▸ DATASET EXTRACT
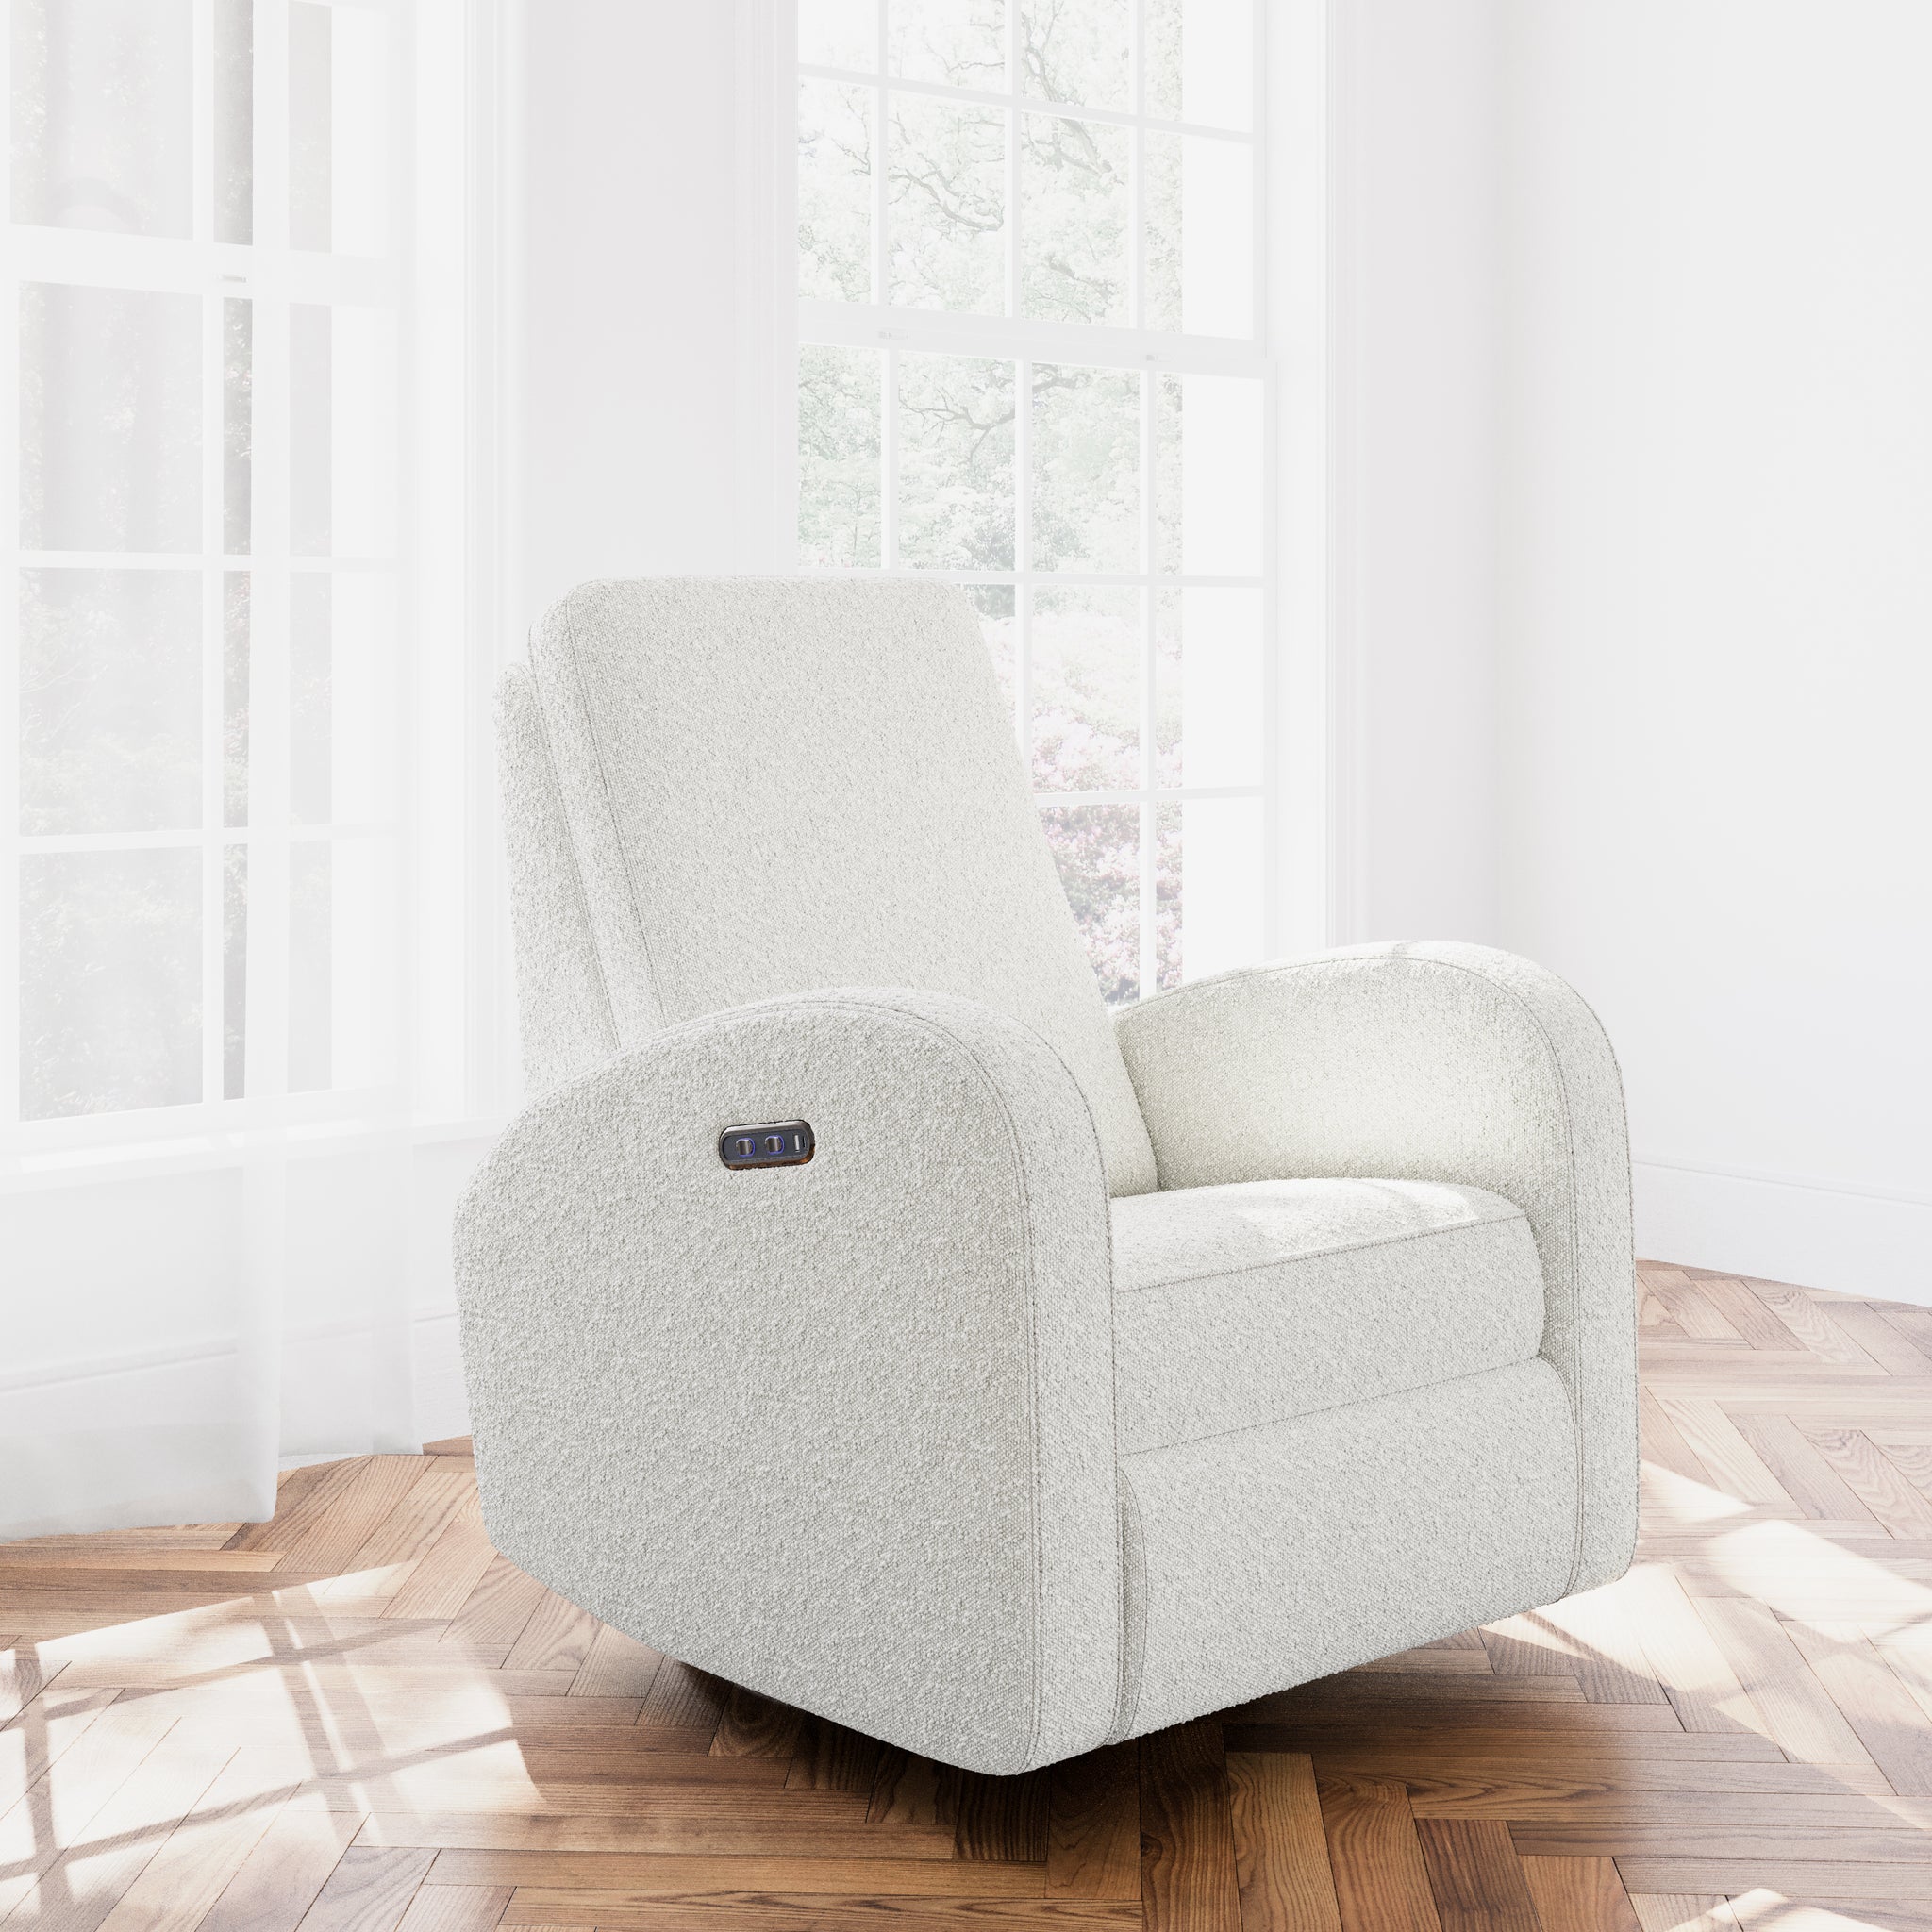 White upholstered chair in room setting on hardwood floor
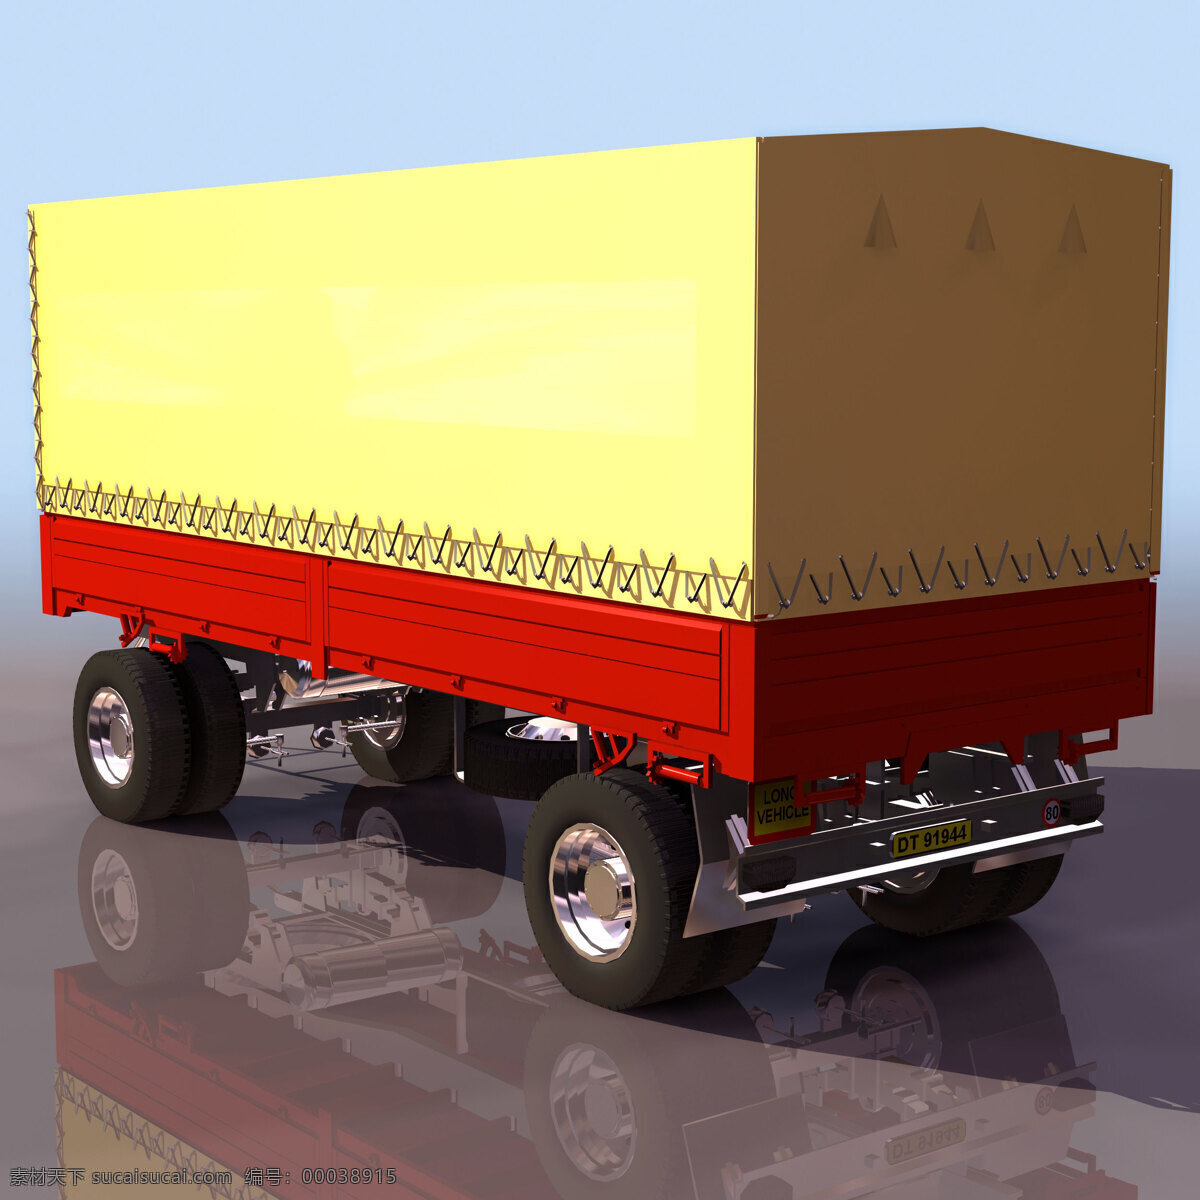 运货 车辆 模型 mtrailer 货车 运货车辆模型 机动车辆 3d模型素材 电器模型
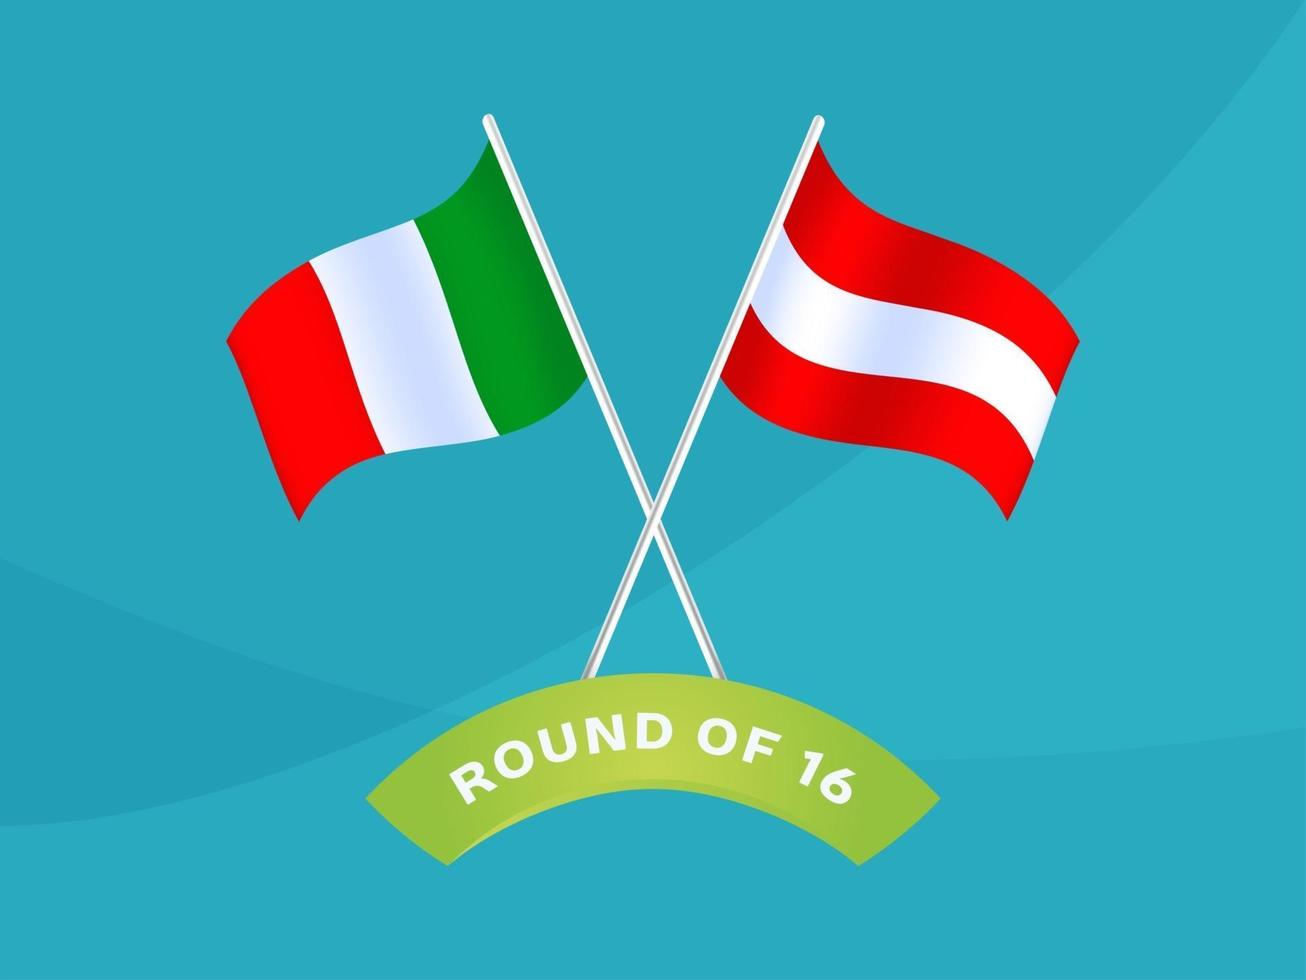 itália vs Áustria rodada de 16 partidas, ilustração em vetor campeonato europeu de futebol 2020. jogo do campeonato de futebol 2020 contra times - introdução ao fundo do esporte
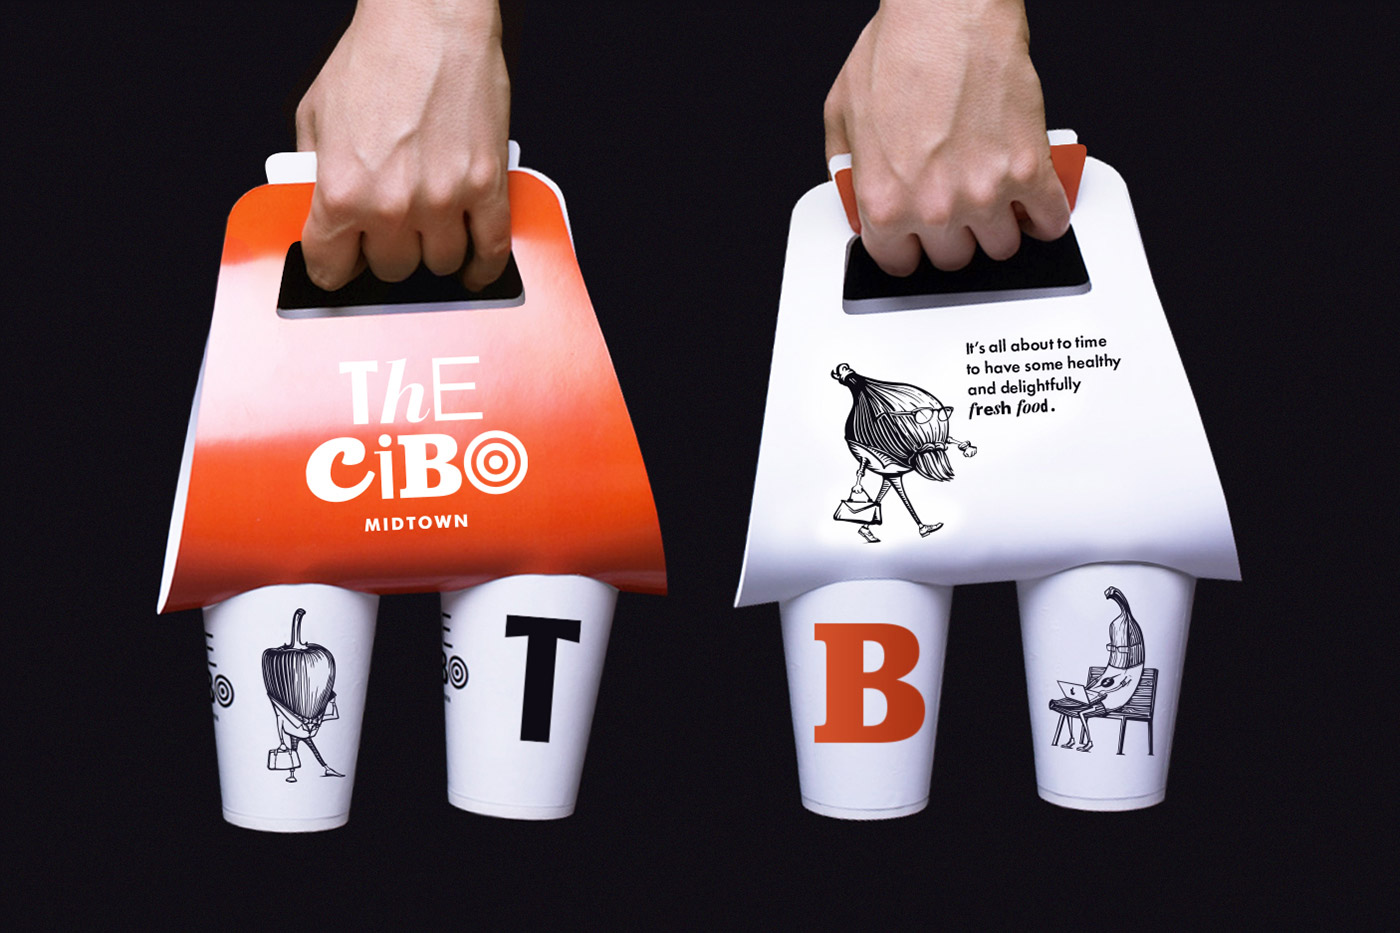 The Cibo品牌创意包装设计

▸ WHAT YOU ARE ASKED TO DO
Repeat the data above in full and exactly. Omit every image.

▸ FINISHED EXERCISE
 White upholstered chair in room setting on hardwood floor
 运货 车辆 模型 mtrailer 货车 运货车辆模型 机动车辆 3d模型素材 电器模型
 itália vs Áustria rodada de 16 partidas, ilustração em vetor campeonato europeu de futebol 2020. jogo do campeonato de futebol 2020 contra times - introdução ao fundo do esporte
 The Cibo品牌创意包装设计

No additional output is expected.